Expanding the Red Hat AI portfolio
The new inference capabilities, delivered with the launch of Red Hat AI Inference Server, enhance Red Hat’s broader AI vision. This spans multiple offerings: Red Hat OpenShift AI, Red Hat Enterprise Linux AI, and the aforementioned Red Hat AI Inference Server under the Red Hat AI umbrella. Along the are embedded AI capabilities across Red Hat’s hybrid cloud offerings with Red Hat Lightspeed. These are not simply single products but a portfolio that Red Hat can evolve based on customer and market demands.
This modular approach allows enterprises to build, deploy, and maintain models based on their unique use case, across their infrastructure. This from edge deployments to centralized cloud inference, while maintaining consistency in management and operations.
Heterogeneous compute becomes the norm
Red Hat envisions a future where heterogeneous compute is not an exception but the default. Generative AI involves multiple stages, tokenization, context handling, prediction, each with different performance characteristics. Some tasks are math-heavy and best run on GPUs, while others are memory-bound and can be efficiently handled by CPUs.
A distributed AI system, intelligently orchestrated, could route tasks to the optimal hardware for each step. Red Hat sees a future where its infrastructure enables these mixed-mode inference clusters, boosting efficiency and lowering operational costs.

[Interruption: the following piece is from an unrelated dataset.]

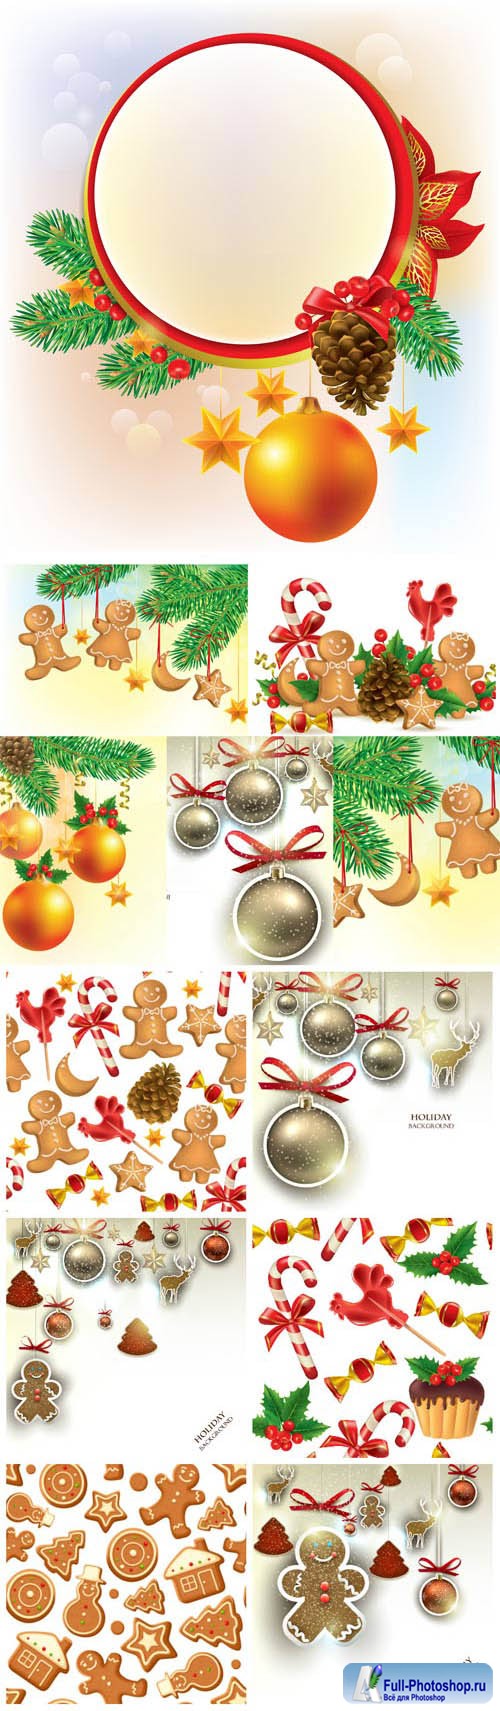 New Year and Christmas illustrations in vector 48

Open source meets enterprise AI
Open source remains at the core of Red Hat’s strategy. The company builds from upstream projects and contributes to communities such as vLLM and Kubeflow, ensuring that innovation is transparent and accessible. “We know that the world is much more complicated, it’s not all open source”, Wright acknowledges. But Red Hat doesn’t see open source and proprietary models as mutually exclusive. Instead, it offers a framework where both can coexist, providing customers with choice, control, and performance.
Red Hat’s inferencing solutions are not an isolated move. They represents Red Hat’s broader commitment to AI infrastructure that is open, flexible, and optimized for the enterprise. As Chris Wright and his team push forward, the guiding principle remains clear: support any model, any accelerator, any cloud.